There is also a SINGCVMFS_CACHEIMAGE variable which can be set to an
ext3 filesystem image for the cache. If set, it must point to a
file with such a filesystem including a directory that is writable by
the user or a `shared` directory within it that is writable by the user.
The directory within the filesystem can be changed by setting
SINGCVMFS_CACHEDIR but defaults to the root directory, `/`.

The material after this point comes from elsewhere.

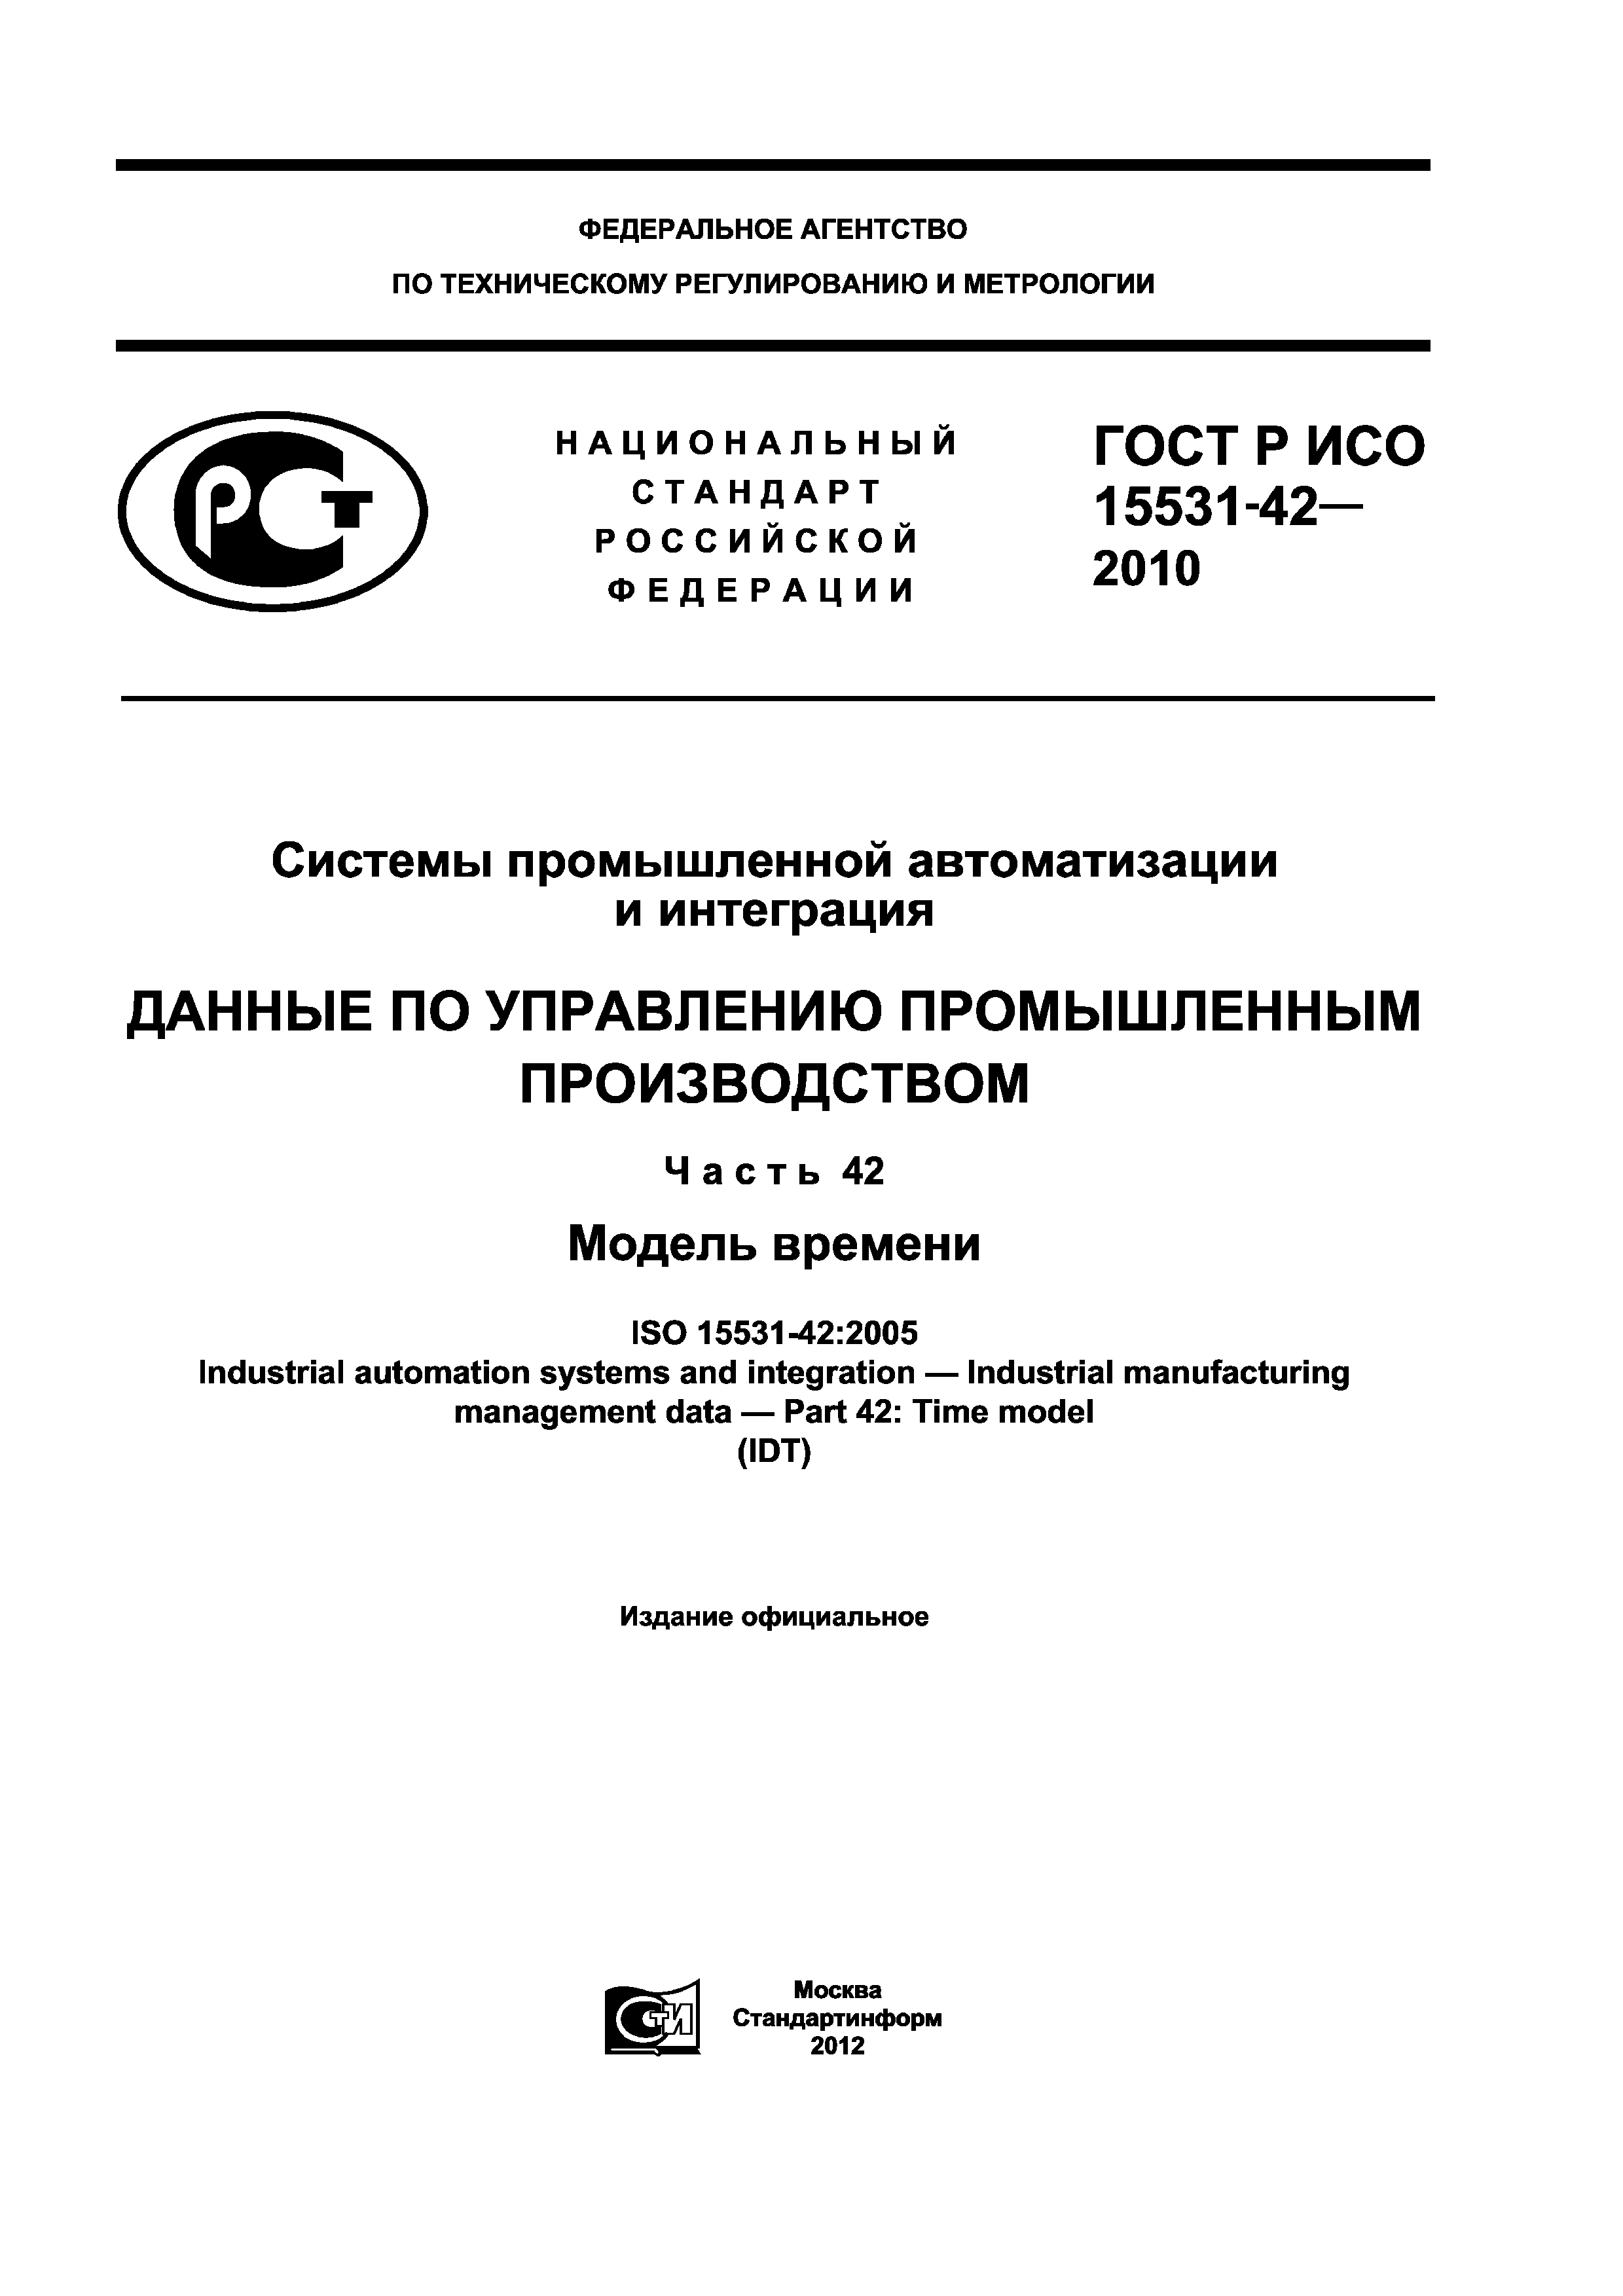 ГОСТ Р ИСО 15531-42-2010

If running as an unprivileged user, this can directory can be created
using the `mkfs.ext3 -d` option. Unfortunately the version of
`mkfs.ext3` on RHEL7 is too old, but it can be compiled from
[source](https://github.com/tytso/e2fsprogs/blob/master/INSTALL).
Then to make the image file these commands should work:

```
$ truncate -s 6G scratch.img
$ mkdir -p tmp/shared
$ mkfs.ext3 -F -O ^has_journal -d tmp scratch.img
```

By default the cvmfs logs are written to a top-level `log` directory, alongside
the top-level `dist` directory. The variable `SINGCVMFS_LOGDIR` can be used to
write them to a different directory, which will be created if it doesn't exist.